[Available data]
= = = =

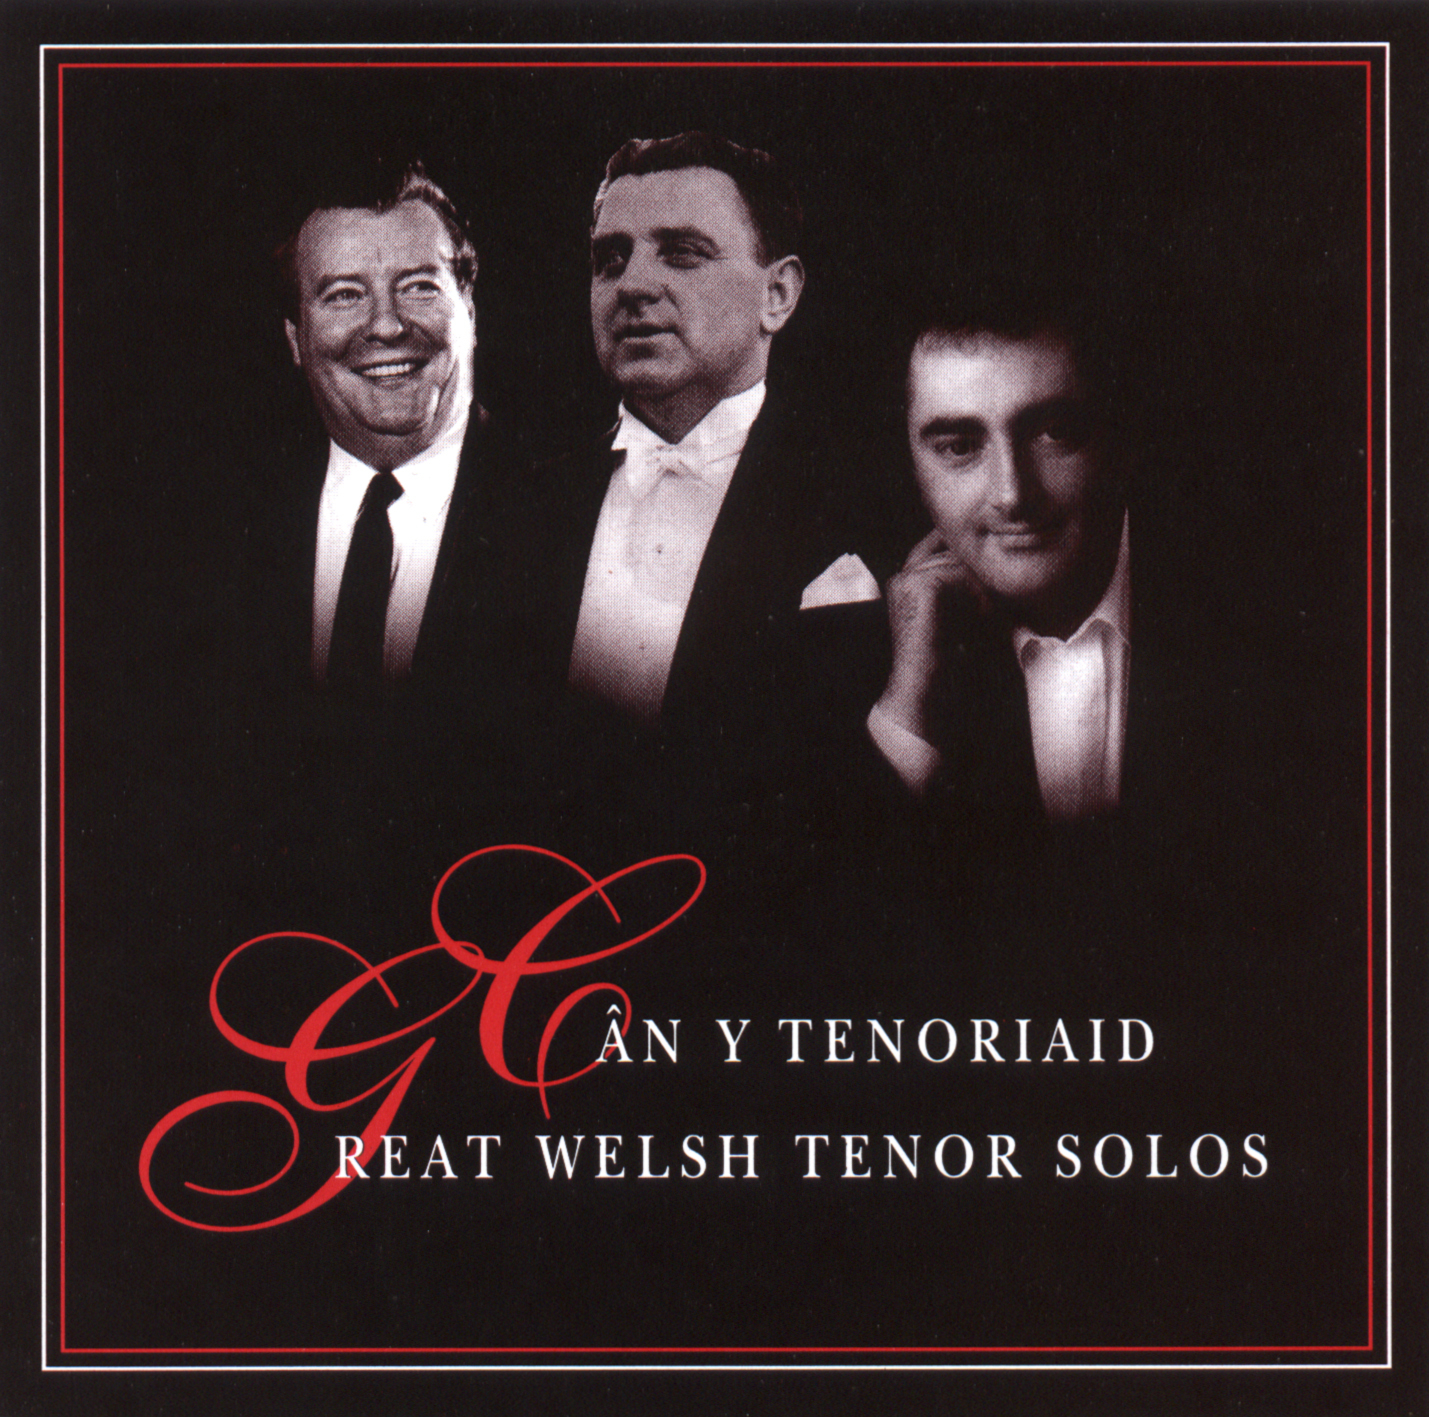 Can Y Tenoriaid / Great Welsh Tenor Solos
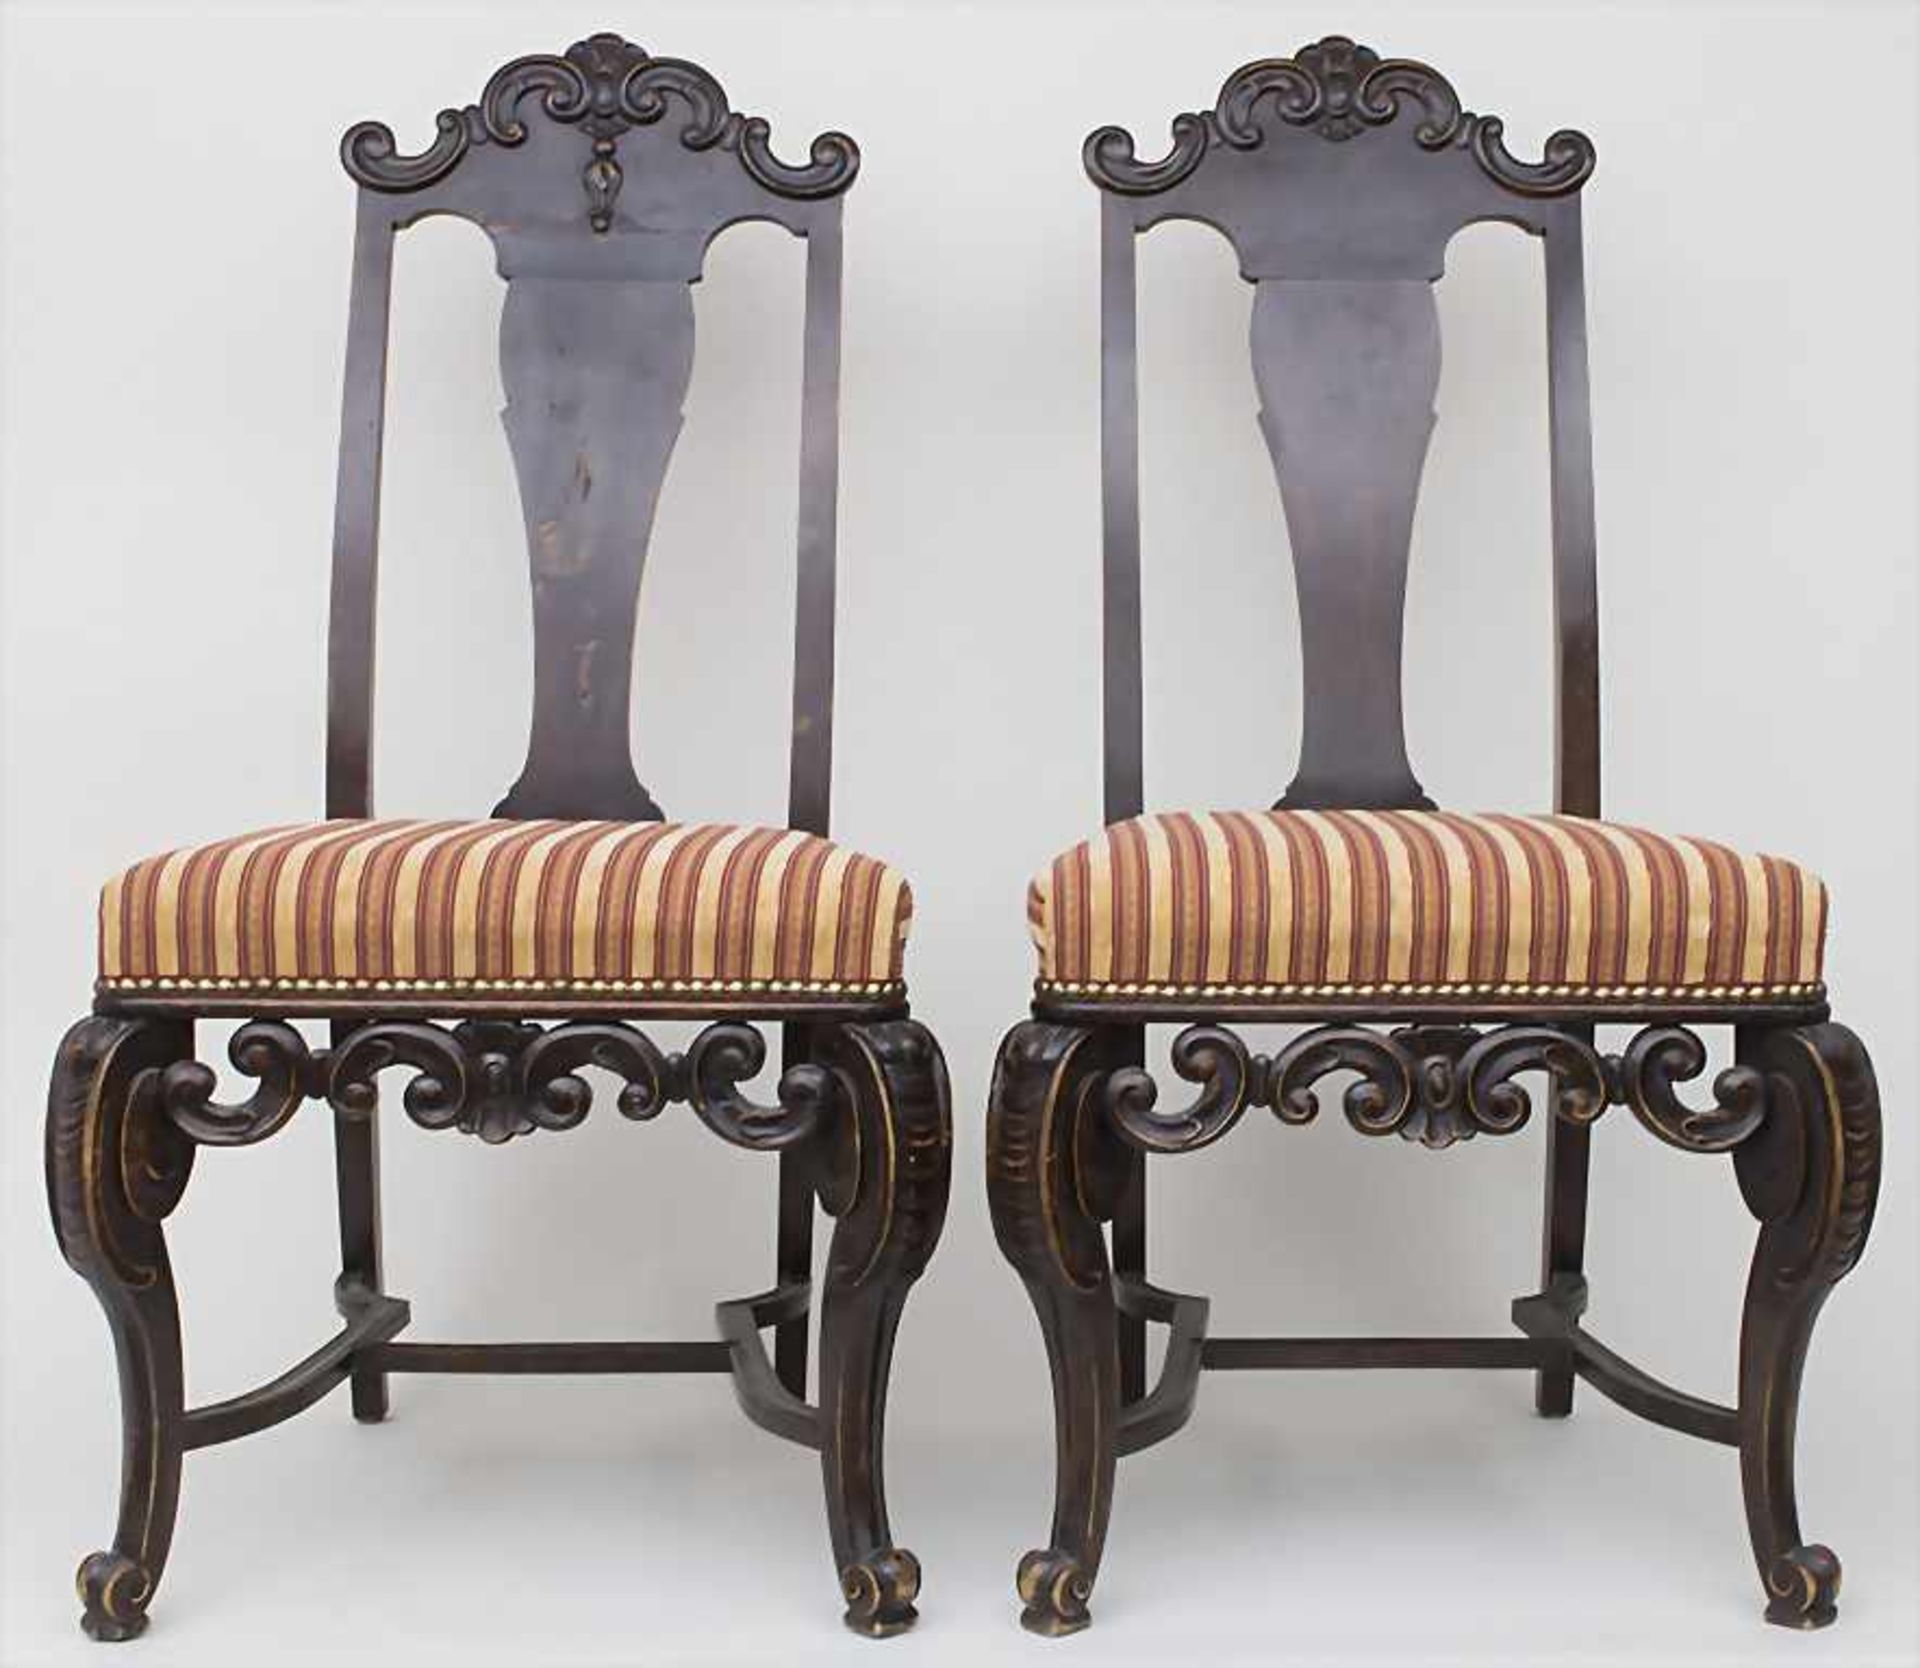 Paar Historismus-Stühle / A pair of historism chairs, 19. Jh.Material: Holz, dunkel gebeizt,
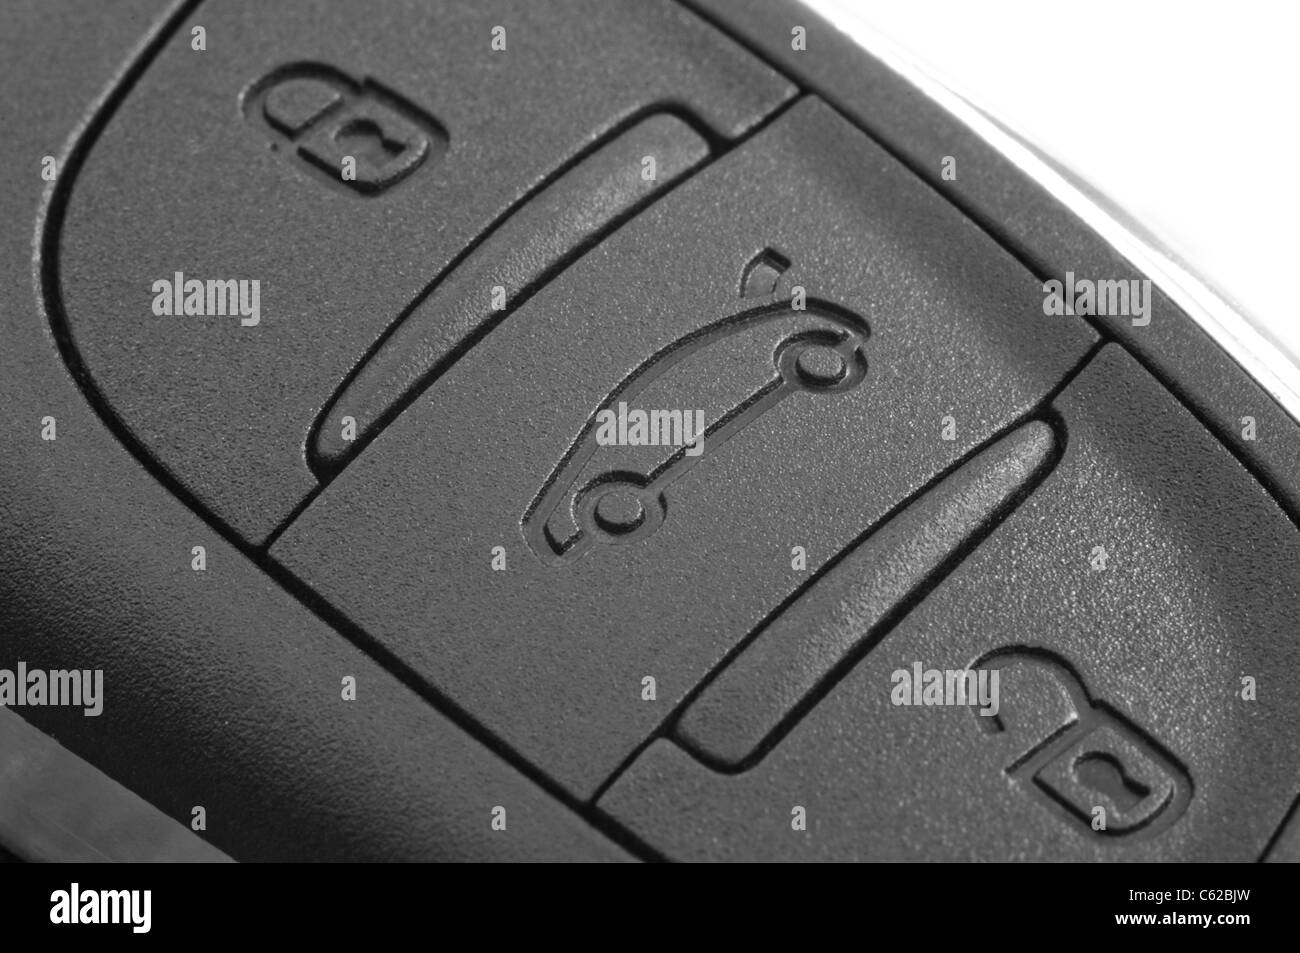 macro photograph of a remote control buttons on a car key Stock Photo

= = = =

[About this task] Copy the data word for word and omit every picture.

[The completed task]
 Can Y Tenoriaid / Great Welsh Tenor Solos
 Paar Historismus-Stühle / A pair of historism chairs, 19. Jh.Material: Holz, dunkel gebeizt,
 macro photograph of a remote control buttons on a car key Stock Photo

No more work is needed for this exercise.